Anonymity reduces the fear that users will face physical retaliation for their comments and makes them more inclined to speak their mind, he said.
"I guess if you're standing on that soapbox on the street making a comment, someone can throw a tomato at you," Magel said.
"But (on TalkBack), the worst that will happen is someone saying, 'I disagree with you, and here's why.' "
Magel acknowledged anonymity also can embolden people to say outrageous or offensive things they otherwise wouldn't say.
But if the newspaper were to pick and choose what appears on TalkBack, he said, it would become liable for the site's content.
"We become the editor and then we, ourselves, are liable for the comments that are made," Magel said. "It's definitely a liability issue."
He said Lancaster Newspapers is "seriously looking at" upgrading its system so that posters could rate their fellow commentators.
Comments that other posters find objectionable would be pulled, and the offending poster could lose his/her privileges.

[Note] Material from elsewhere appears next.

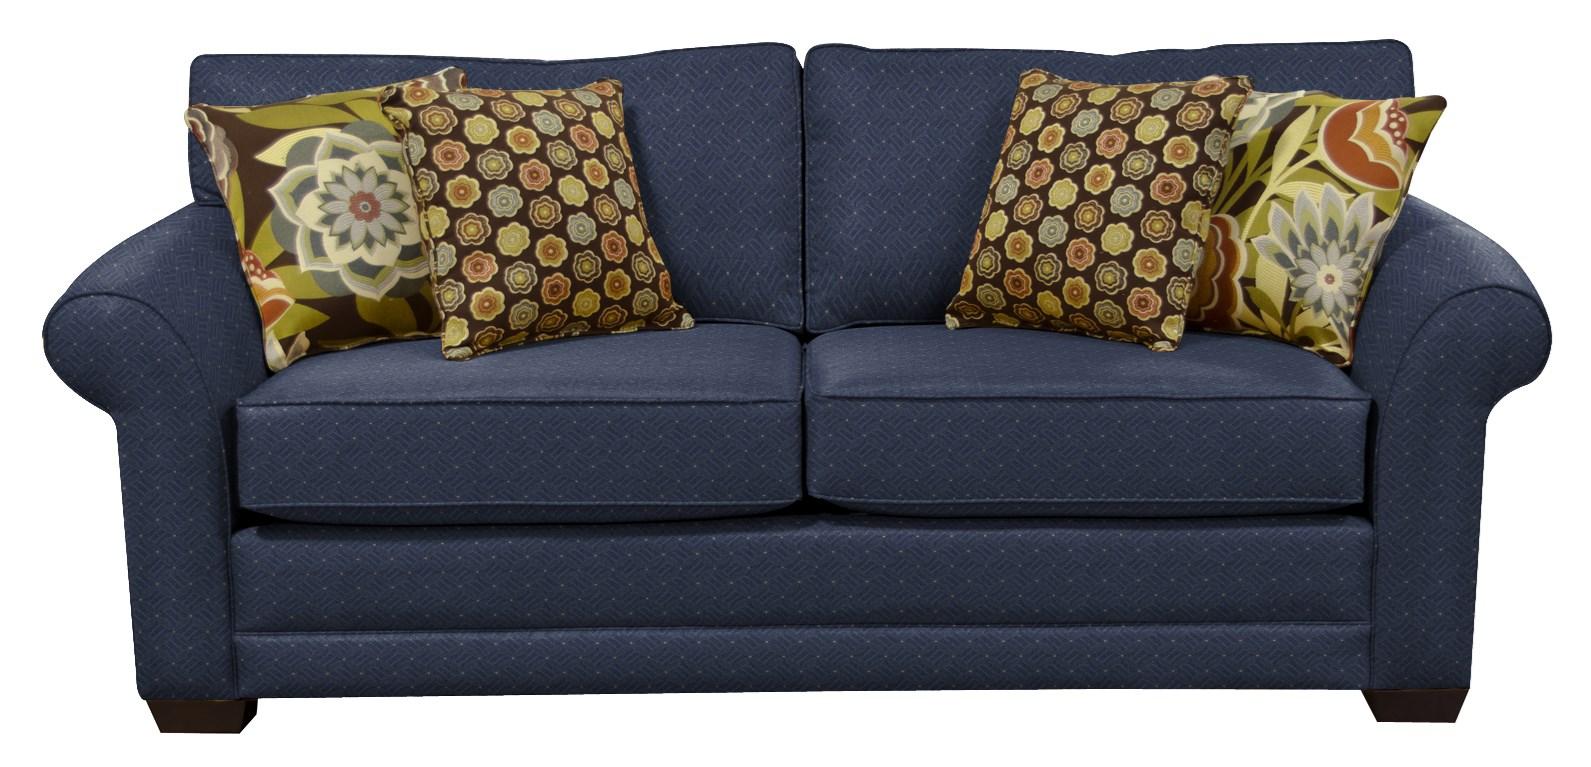 Brantley Queen Sleeper with Comfort 3 Mattress by England at Lapeer Furniture & Mattress Center

But for now, Magel said, no changes are planned for TalkBack, which has been in existence since 2000 and has 982 registered users.
"The people who are on TalkBack really love it," he said. "They do like to read what other people are saying."
Crystle said he wants to work with the newspaper and the online community to try to weed out the offensive comments that appear online.
"I think it will take a little bit of leadership from Lancaster Newspapers and the online community to police itself," he said.
"It's very hard to change a bigot, but we can certainly prevent them from spreading their filth. It's not acceptable in America, I'm happy to say."